Strip the pictures and reproduce the rest of the listing exactly.
[Material provided Boundary: Start]
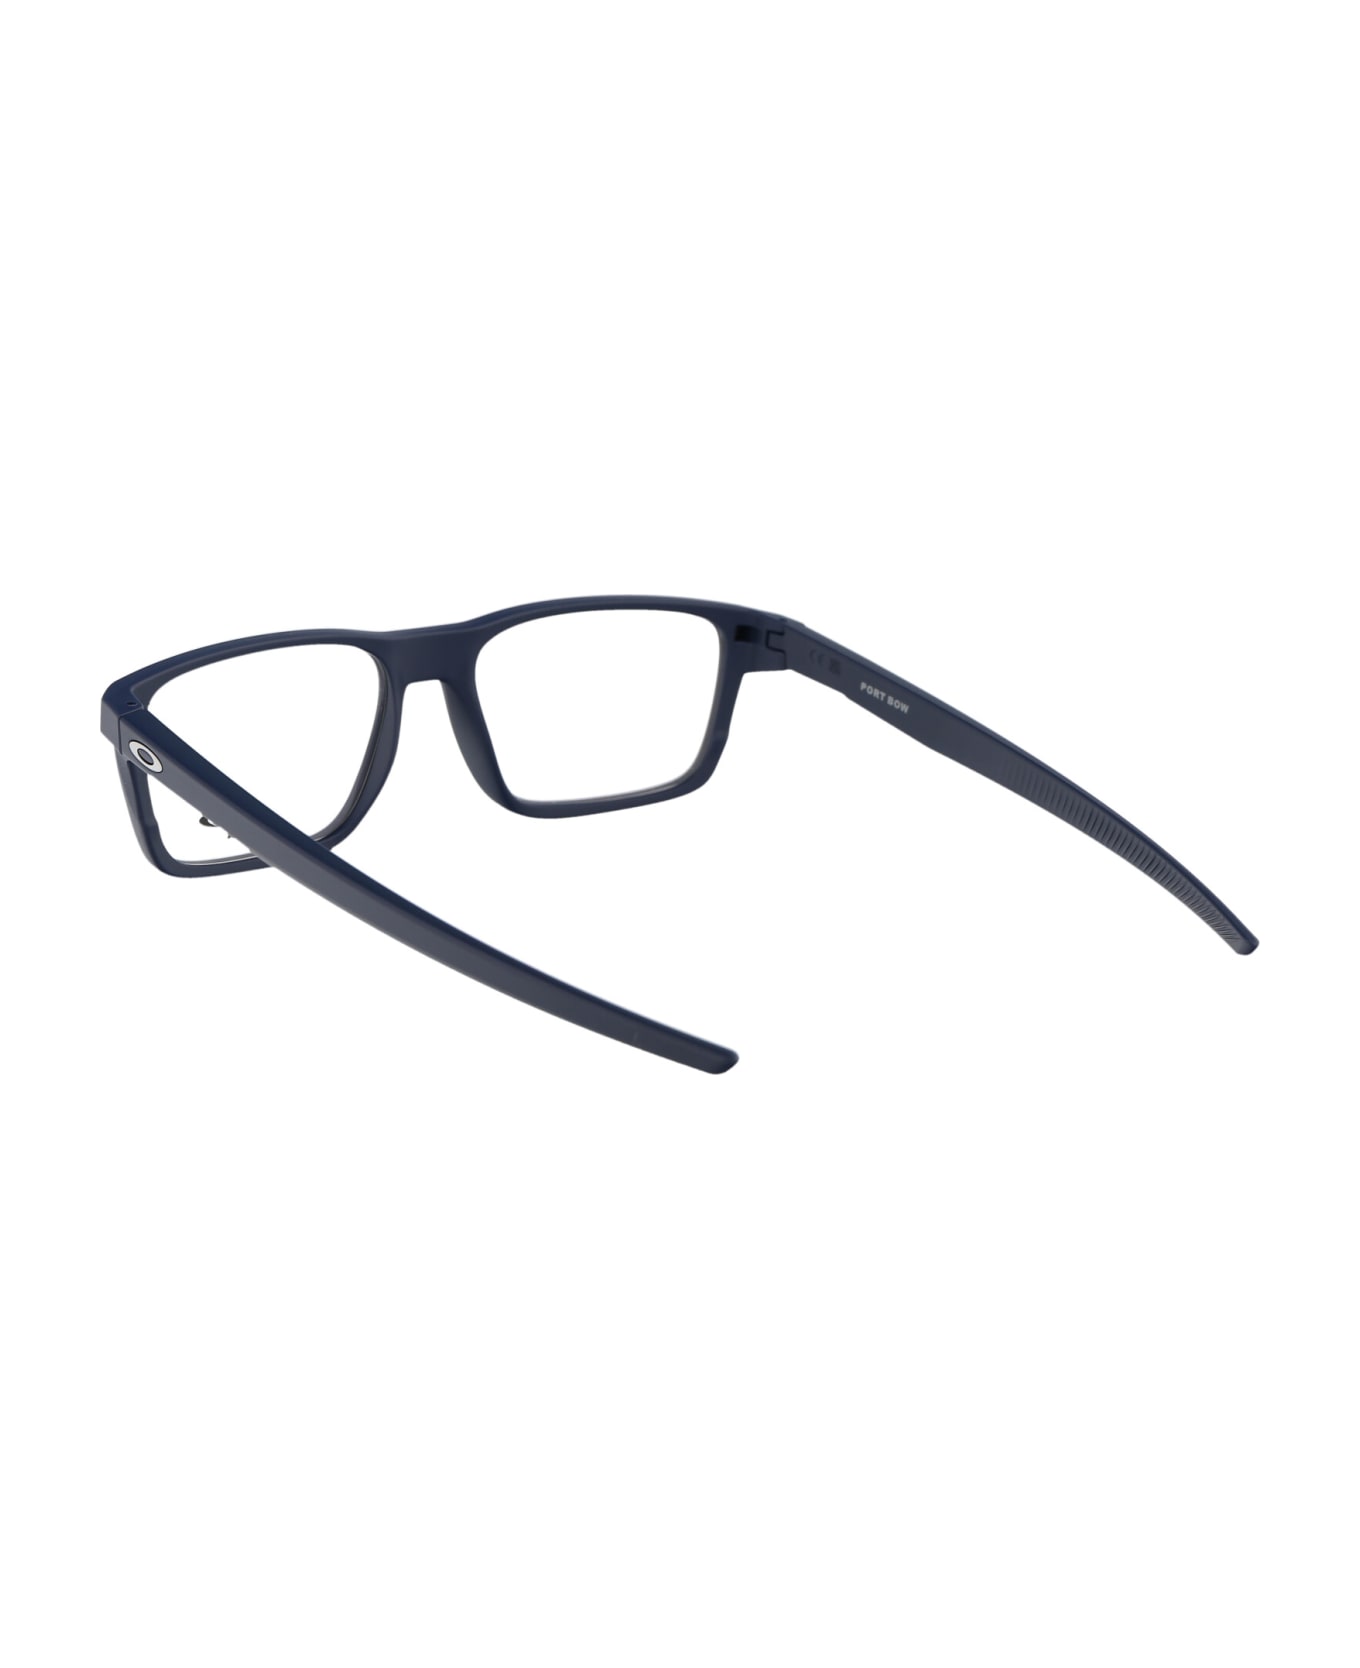 Oakley Port Bow Glasses - 816403 Universe Blue
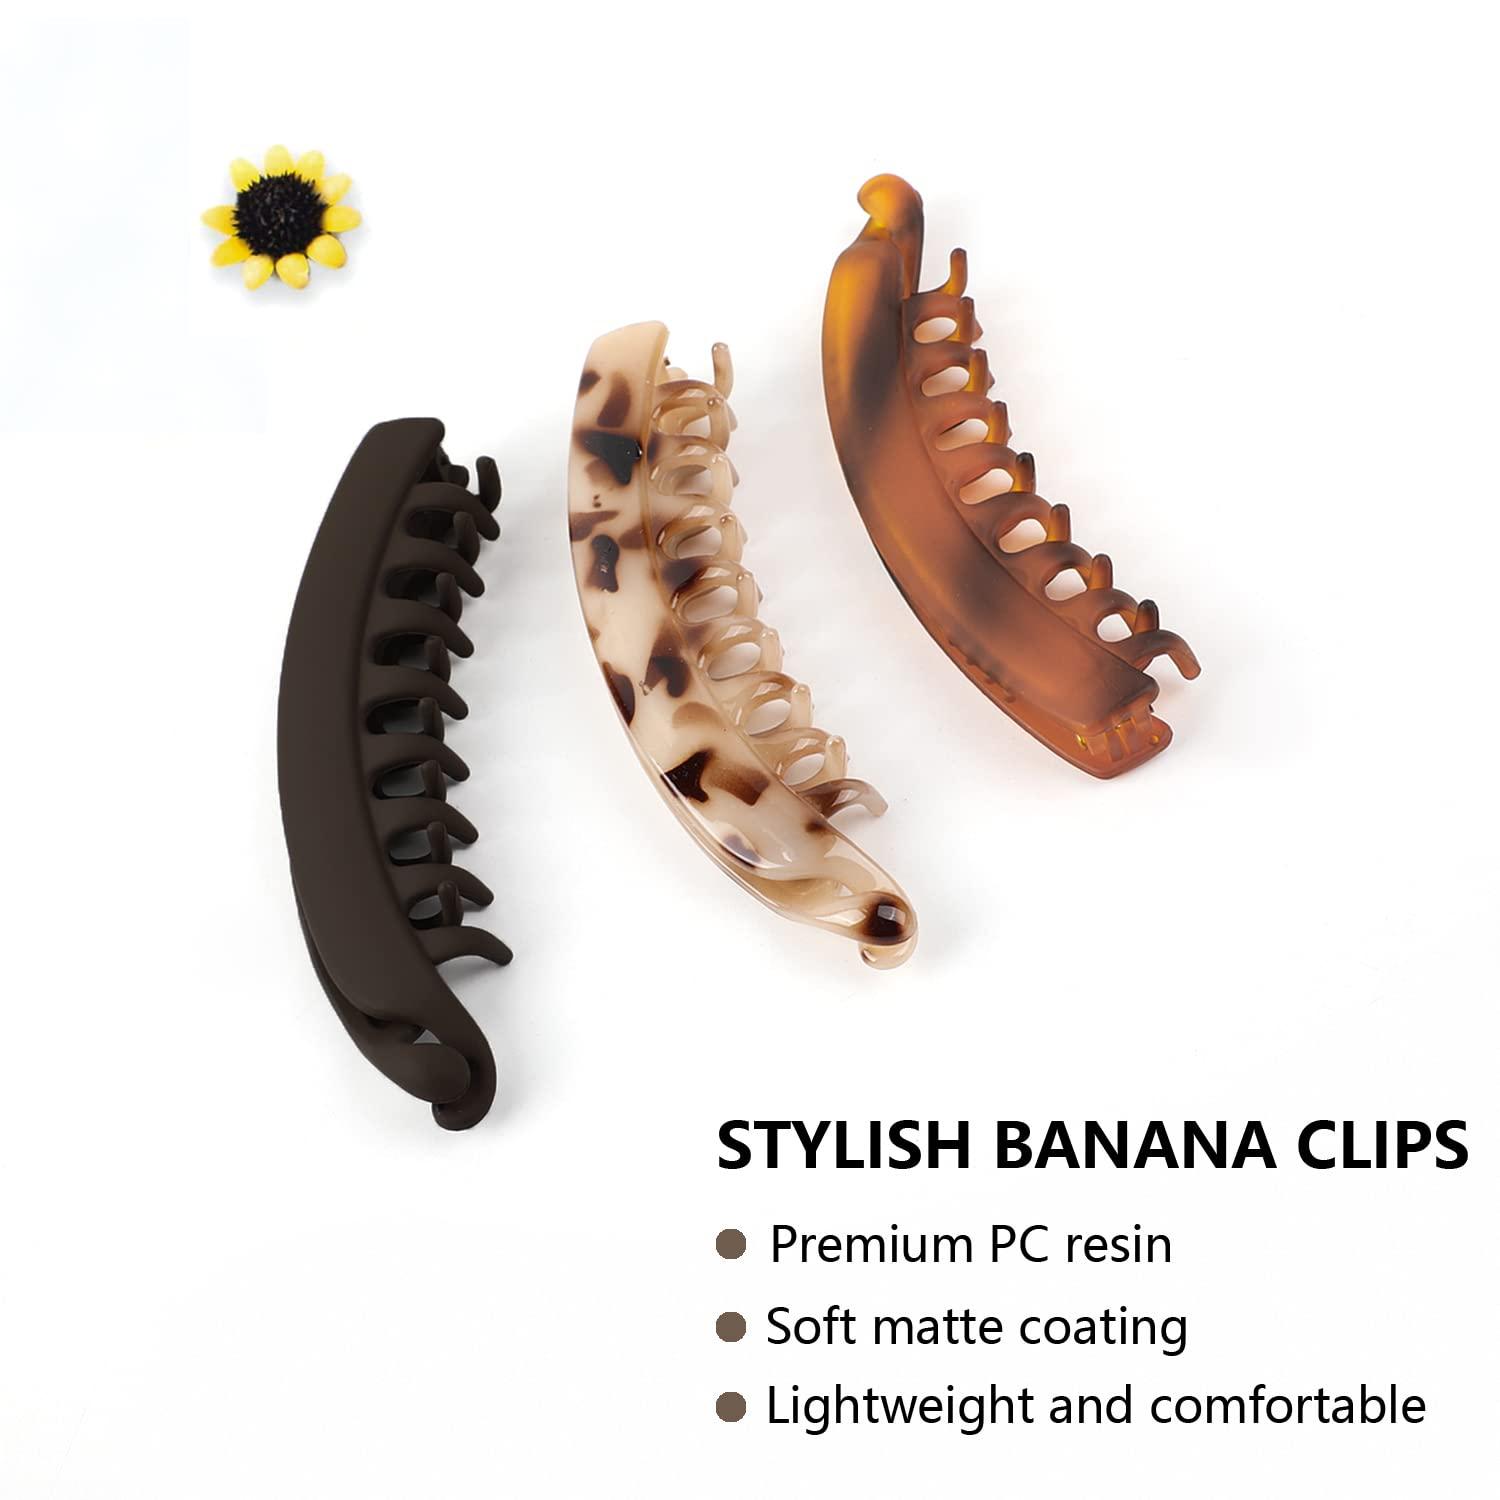 Medium size Hair banana clip in Brown - Banana clips
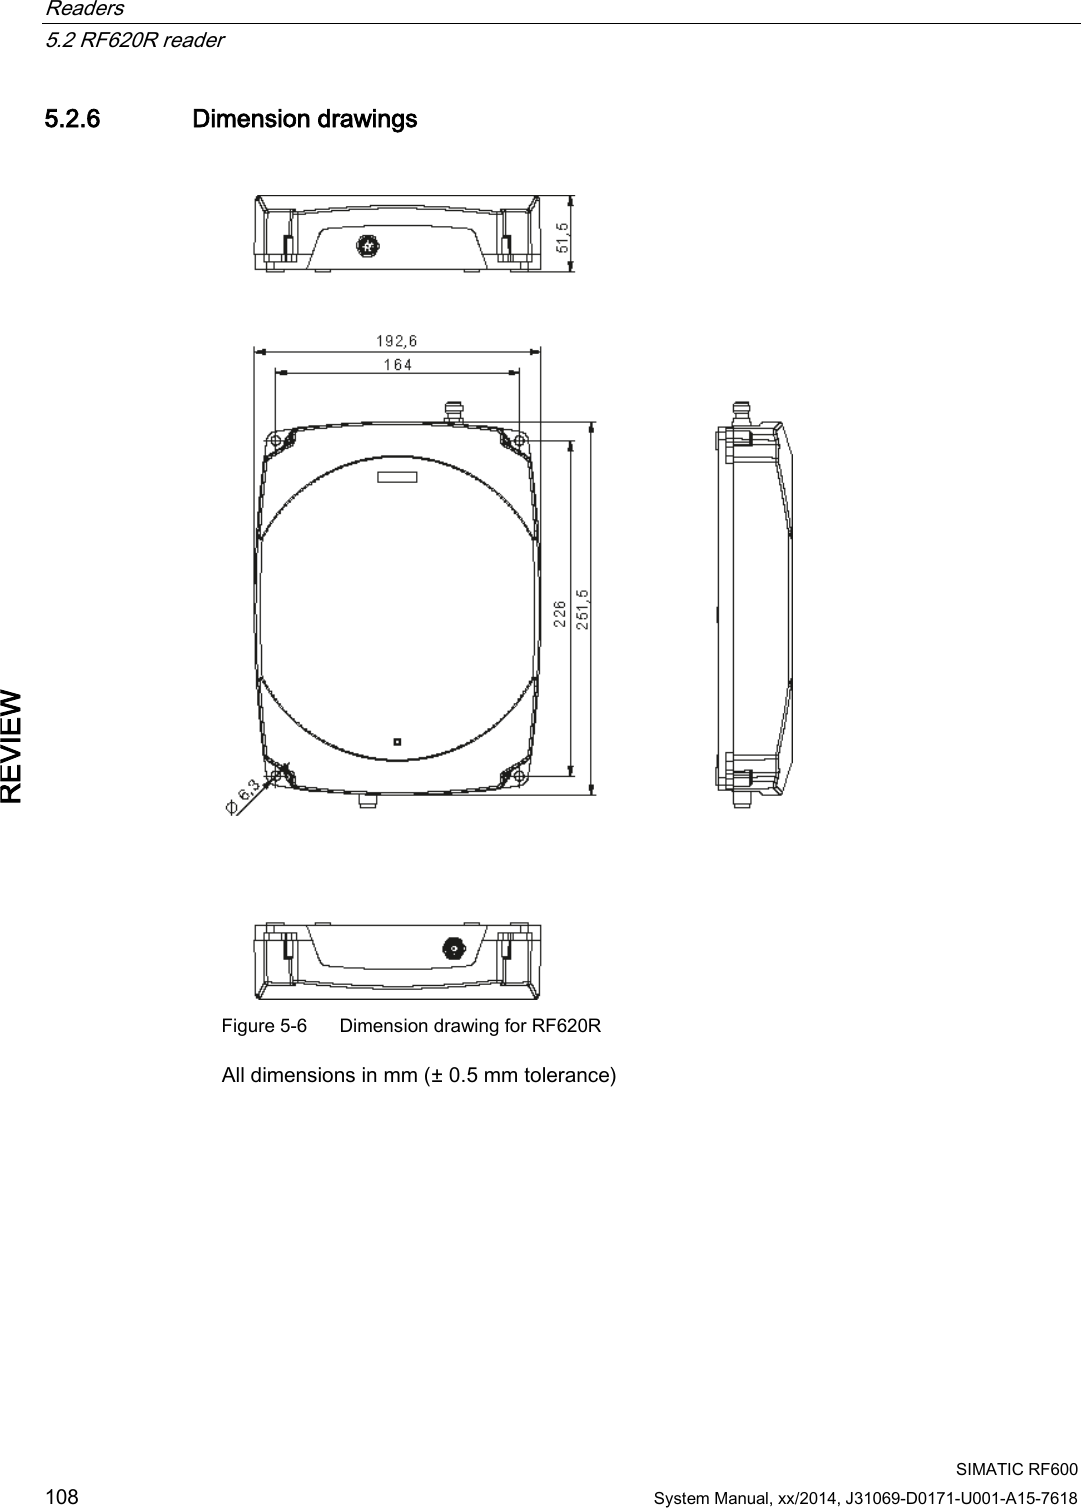 Readers   5.2 RF620R reader  SIMATIC RF600 108 System Manual, xx/2014, J31069-D0171-U001-A15-7618 REVIEW 5.2.6 Dimension drawings      Figure 5-6  Dimension drawing for RF620R All dimensions in mm (± 0.5 mm tolerance)
[Material provided Boundary: End]
Result below:
 Oakley Port Bow Glasses - 816403 Universe Blue
 Medium size Hair banana clip in Brown - Banana clips
 Readers   5.2 RF620R reader  SIMATIC RF600 108 System Manual, xx/2014, J31069-D0171-U001-A15-7618 REVIEW 5.2.6 Dimension drawings      Figure 5-6  Dimension drawing for RF620R All dimensions in mm (± 0.5 mm tolerance)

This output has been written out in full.